Has this happened to you?

United States
March 31, 2007 7:53pm CST
You get a new friend request from someone who has few to no discussions and yet 30 to 40 friends on their list. What is the deal? I get this all the time. When I get a new friend request I check the person out. I look at discussions they have started and replied to and form my decision based on that information. So what is the deal with friend requests when the person has no discussions or replies and more than a handful of friends? Are we approving blindly? And why are these people asking to be approved as your friend before they get a true feel for mylot and participate in a discussion?
1 person likes this
5 responses
• Philippines
3 Apr 07
Maybe they're just looking for friends and don't really feel the need to post.. When I first started myspace i added random people to my friends list hoping they'd care or whatever..
1 person likes this
• United States
3 Apr 07
Well, we DO care. Mylot is a place to make yourself heard...and people do care about what you think. But I do think I am begining to understand. Maybe you don't want to put yourself out there until you feel a little more secure and being accepted to someone's friends list helps boost your confidence. If I'm wrong, please tell me. But if I'm in the ball park, here is what I would like to do... I see you are a (12). I will look for your discussions and reply to them - which will help earn you a little money and I'll request to be out on your friends list.

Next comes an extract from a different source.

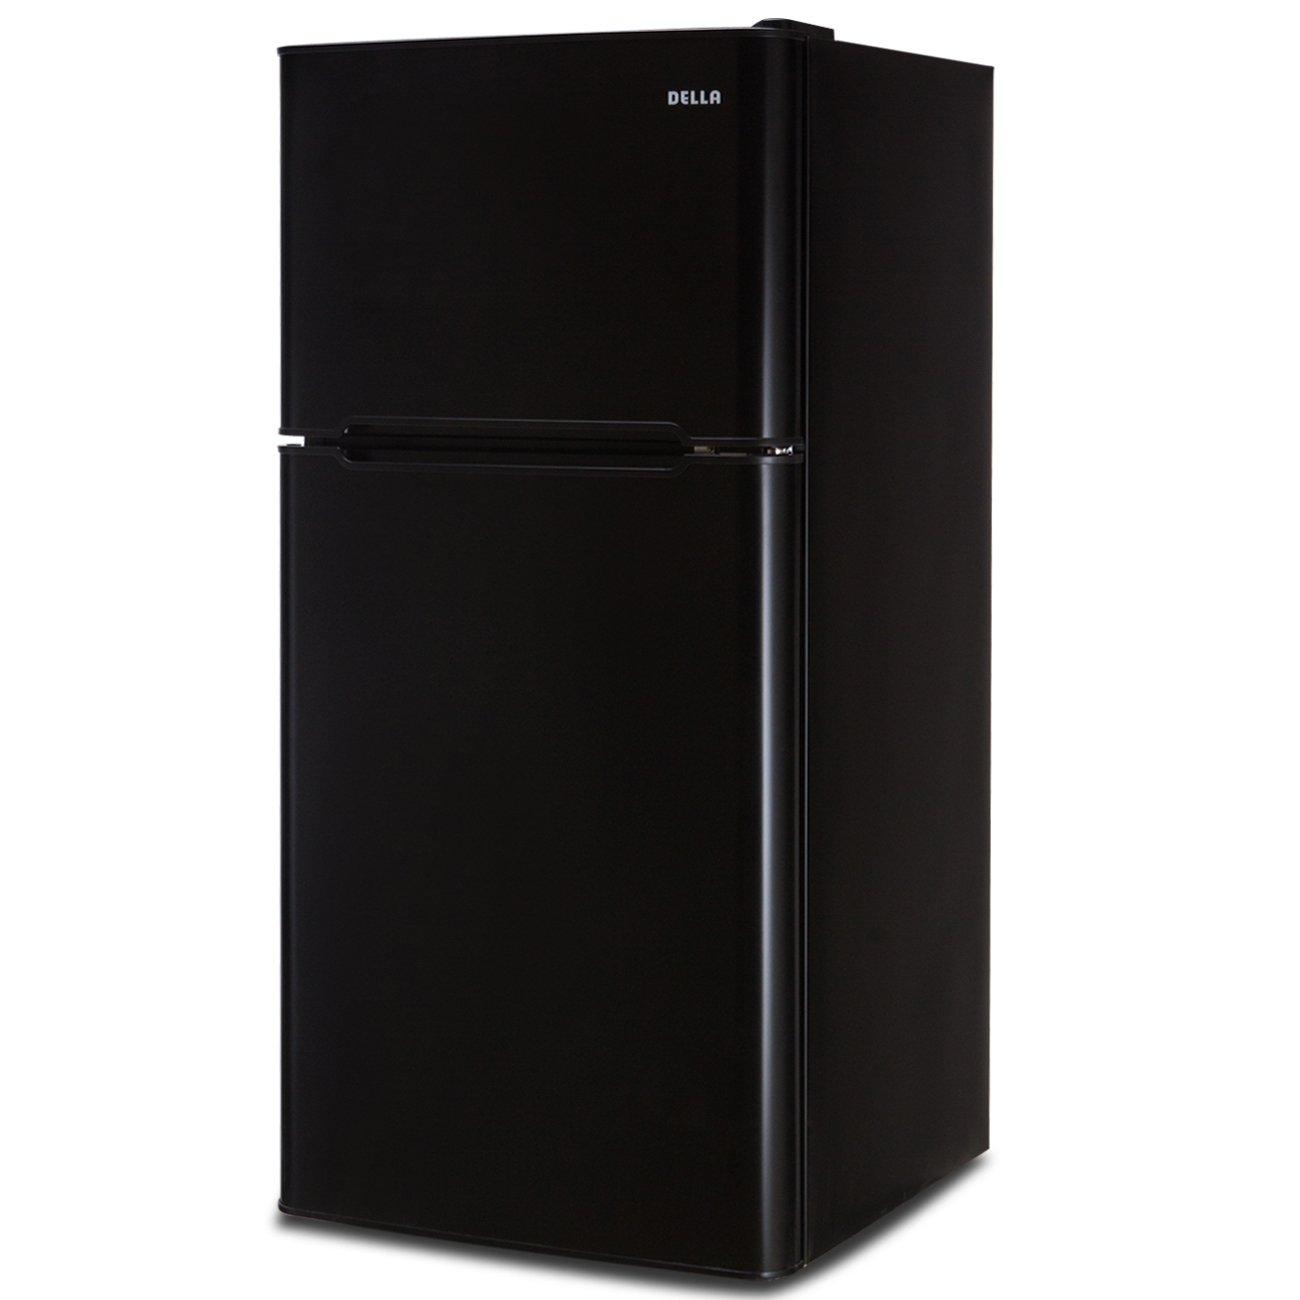 Della Compact Double Door Refrigerator and Freezer Cans Soda Drink Food, 4.5 Cubic Feet, Black

Welcome to MyLot!
@MsTickle (25180)
• Australia
2 Apr 07
I think you answered your own question albeit unwittingly. I think a lot of people new to this site simply don't understand it and don't know what to do. The only thing they see that means anything to them is to do with adding friends. They don't even get an avatar for a while....some never. For some people too, having friends and lots of them is very very important and I think the people you described are these people. I haven't experienced this but if I did I would contact them and offer help and suggestions. keep smiling. :D
1 person likes this
• United States
3 Apr 07
Now see! That is the reason that I asked this question, because people like you have a different perspective and it's usually a sunny one! I had not thought about how important it is to some people to build an extensive friends list. I will take your advice and offer my help the next time this happens. Thank you Ms Tickle!
@emeraldisle (13139)
• United States
1 Apr 07
I've had this happen a lot lately. Not sure why they do it but they do. I have gotten to where if I see they only have a handful of posts to just deny. I know that's horrible but when I'm getting upwards of 10 a day and from ones I don't recognize and have very little in their listings I have to wonder why they are bothering. Maybe they are looking to spam I don't know but I figure I want friends I will interact with not just have a list of. So I do not approve blindly. I check each one out. Some might sit for a while before I get to them as well. I'd rather do that and make sure that my friends list is a good one that will be one I will help support then to just have a bunch of names there.
• United States
1 Apr 07
I feel the same way about it. Some I have denied and others I let sit until I see what they are about but for the most part it urks me to have someone try to build their friends list before they interact with the mylot community. By the way, where have you been woman?
@kyran_12 (643)
• India
1 Apr 07
yea many time this happens but i dont think about it much ,,, i cant take evrything seriously may be thats the problem but then we should let it go ... its good rather to have more friends than having less....and i dont belive in good and bad friends..thats all kids stuff !!!!!!!! friends are friends no matter how and what they are....................cheers
• United States
1 Apr 07
It's not a matter of taking it too seriously or too lightly. The question is, why try to build a friends list before you even bother to post a discussion or a response to a discussion? Is an extensive friends list more important than quality posts?
• Philippines
1 Apr 07
The way I see it, denying friends' request is tantamount to rejecting a blessing. What I do is just accept anyone who wishes to be in my friends' list. One of the reasons I could think of why they do this is because they want you to take part in their discussions. This is one test if their offer of friendship is sincere or just for convenience. This doubt was partly cleared one time when I saw a post about a myLot user who made a statement that she will delete all the people in her friends' list who are inactive or not replying to her discussions. It just made me smile. MyLot should have a category for friends list. One for the real ones and one for "friends who are obliged to reply to my discussions". How about that?
1 person likes this
• United States
3 Apr 07
I can't say it's because they want me to participate in their discussions because they have neither posted any discussions nor replied to any. I don't delete anyone once I have accepted them as a friend but I do check them out before adding them. Once they are on my list I do try to respond to as many of their discussions as possible but I am cautious about who I add to my list. But that's just me.